The rebirth and utter dominance of the Fast and the Furious franchise has established that Vin Diesel is kind of a big deal. We've been here before. It was in 2002 that Diesel spun his Fast success into xXx, a potential franchise starter that mashed James Bond with the X Games to middling results. As directed by Fast 1's Rob Cohen, xXx was a mess; an exercise in appeasing the kind of person who complains that Mountain Dew commercials aren't long enough. Now, some fifteen years later, Diesel returns to the series (having sat out 2005's xXx: State of the Union) hoping some of that Furious magic carries over.
On its surface xXx: The Return of Xander Cage is exactly what it claims to be, reestablishing Diesel as the once and future extreme-sports-star-turned-secret-agent. Produced by Vin Diesel, xXx: TROXC reads like Vin Diesel's love letter to the coolest guy on the planet circa 2000, as played by Vin Diesel. To put it a different way: it's a grilled, double-stuffed burrito where the tortilla is replaced with a parachute, the beef is replaced with Vin Diesel, and the cheese and corn are replaced with … actually, nothing replaces the cheese and corn. That's because xXx: TROXC is one of the cheesiest, corniest movies ever made.
Which isn't to say it's a bad movie. We shouldn't even be talking like this. Xander Cage would call us pussies and throat punch us for talking like this. And if you're thinking to yourself, "Xander wouldn't do that," let me remind you that this is a movie where the hero throws a man off an airplane for even kind of insulting Mountain Dew. No, this film is only bad in the conventional sense, its plot only fractured and nonsensical when viewed under traditional, less abstract norms.
It helps to have competency in the director's chair. D.J. Caruso (Disturbia) is no stranger to action. Here he makes sure everything in front of the camera looks great before blowing it up. At no point during the film does it ever feel like Caruso and screenwriter F. Scott Frazier aren't in on the joke.
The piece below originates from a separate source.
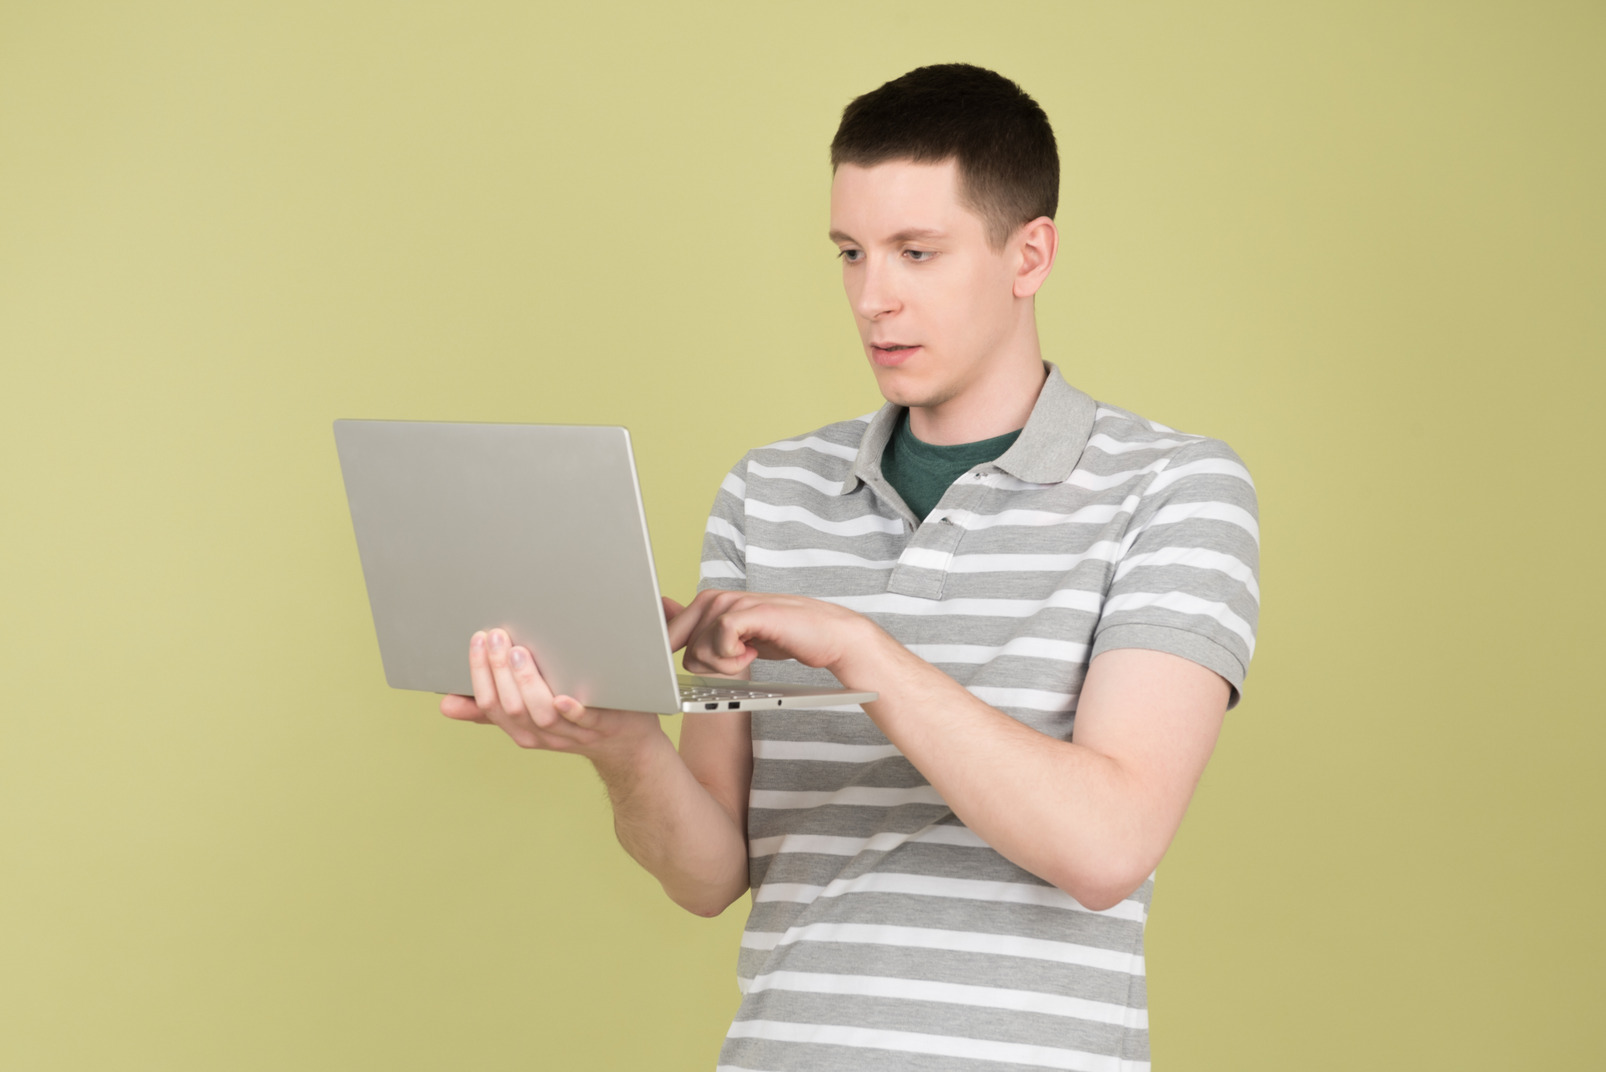 Young man holding a laptop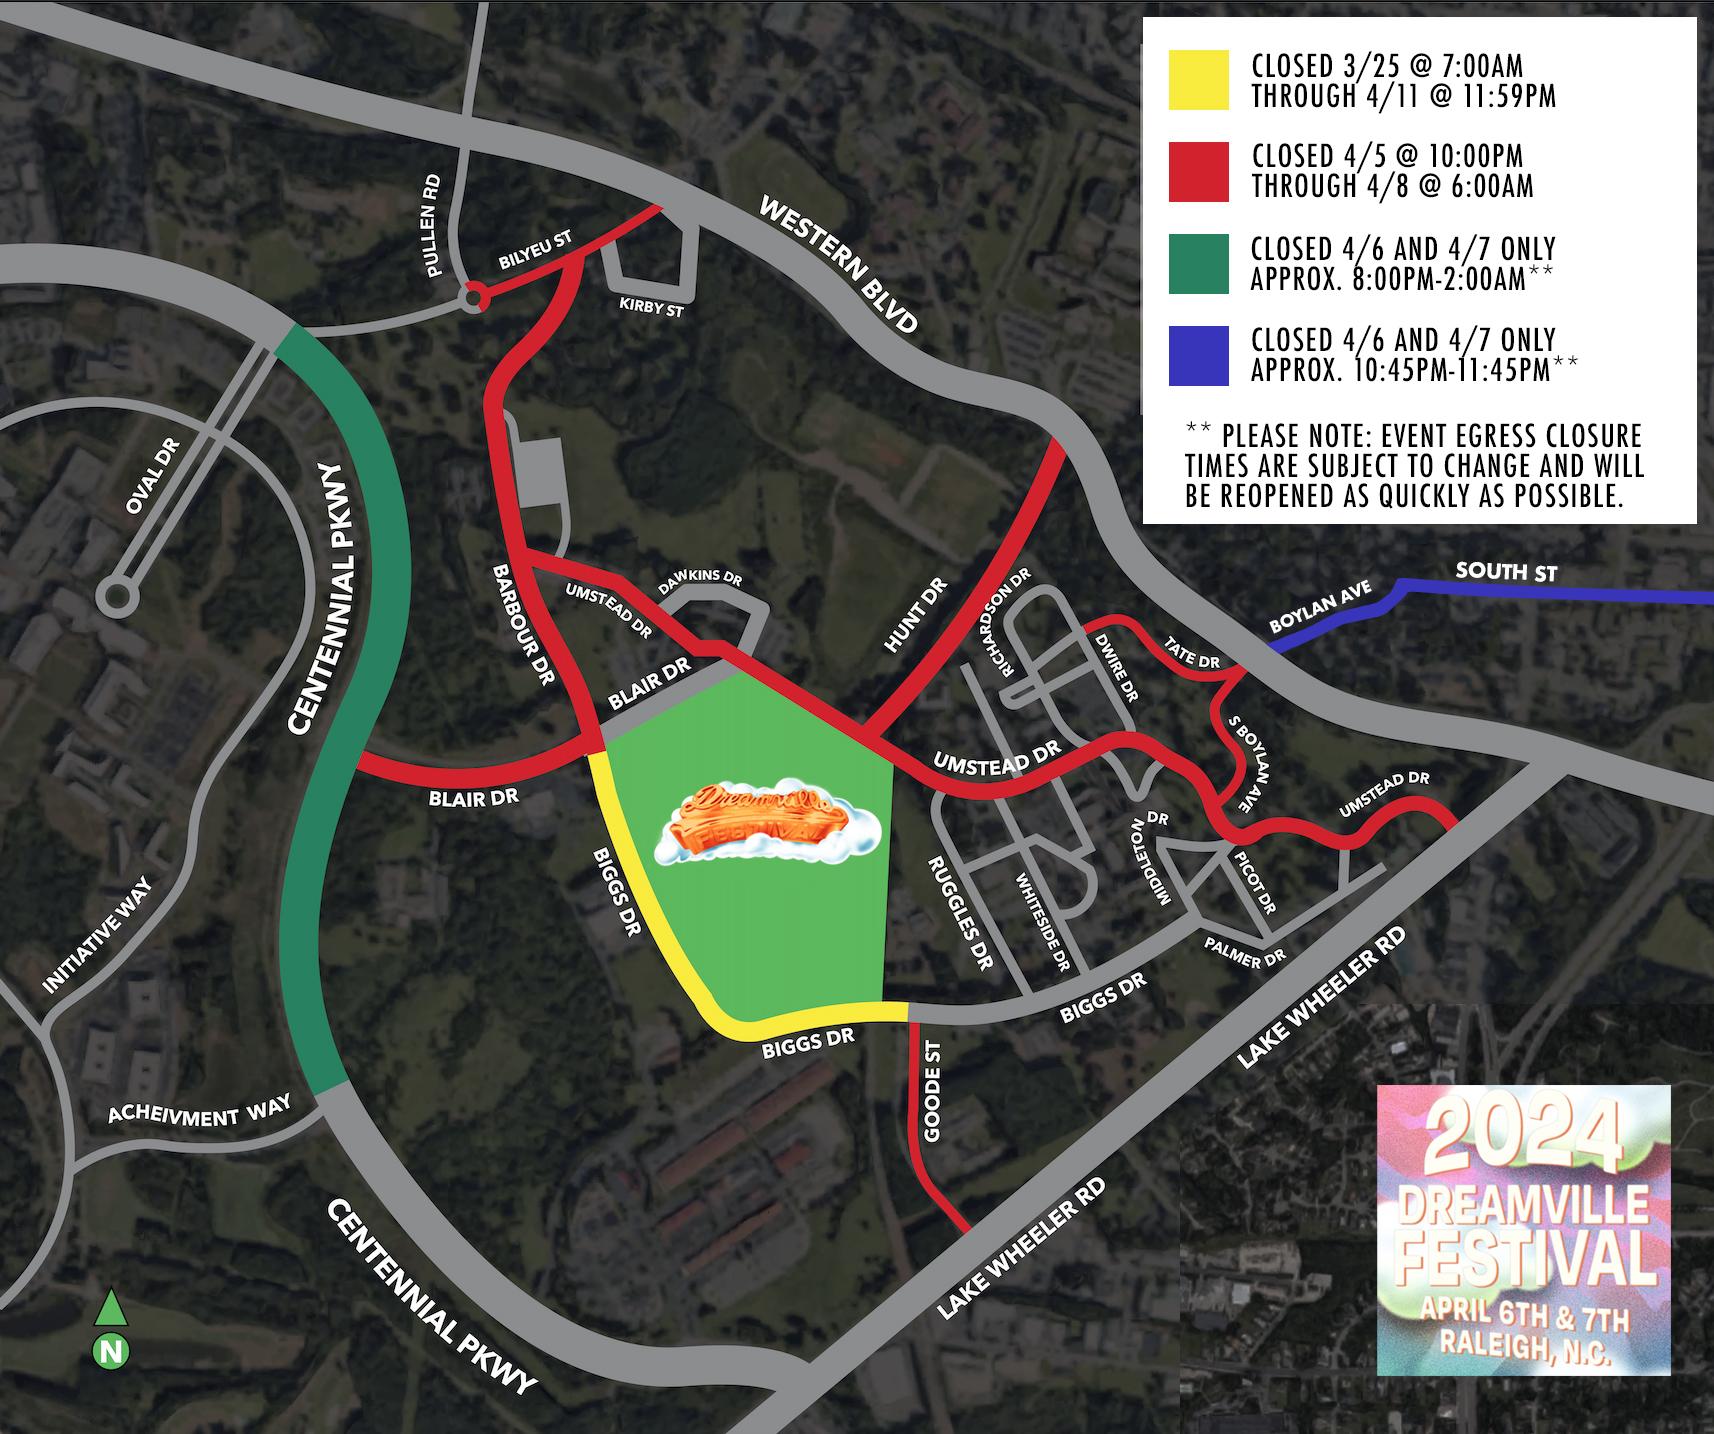 Dreamville Festival 2024 Road Closure Map and Schedule

Even the energetic cast, with appearances by Ruby Rose (as a ribbon-dancer-turned-sniper, or sniper-turned-ribbon-dancer, either way she has experience in both fields) and Donnie Yen (as an angry martial artist), seem to realize the absurdity onscreen.
The only actor holding back, unfortunately, is Diesel. He plays Xander like a douchey alpha bro busting balls between stunts. When he's not skiing down jungles or lamenting the corporate fat cats who hold us down (and also produce fine entertainment like xXx III) he's delivering lame quips you might hear from a 12-year-old playing Call of Duty, diminishing the aura of coolness I suspect Diesel's striving for. Can the oldest guy at the rave also be the coolest? This movie answers that question definitively. And not in Diesel's favor I might add.
The story presents an obstacle in that movies have to have them. Thankfully Diesel and company were up for circumventing that challenge. There's a brief moment, right after a motocross bike turned into a wave runner but before another motocross bike turned into a wave runner, that I realized I was overthinking it. What I really needed to do, what I should have done from the start, was appreciate the science that gave us these incredible transforming machines. There is a loose plot involving satellites being used as missiles but, hey, are you bored yet? This is a movie that resurrects a character that was killed off not in the actual sequel, but in the special features section on the DVD of the sequel.
Stop asking questions and just appreciate the fact that there's a movie in theaters where Vin Diesel punches a guy through a toilet. Questioning Vin Diesel only makes him stronger. Mostly because literally everything makes Vin Diesel stronger. Like the energy that's exchanged during a long harmonious brofist, xXx: TROXC works best if you embrace the moment and then let it pass without any real reflection.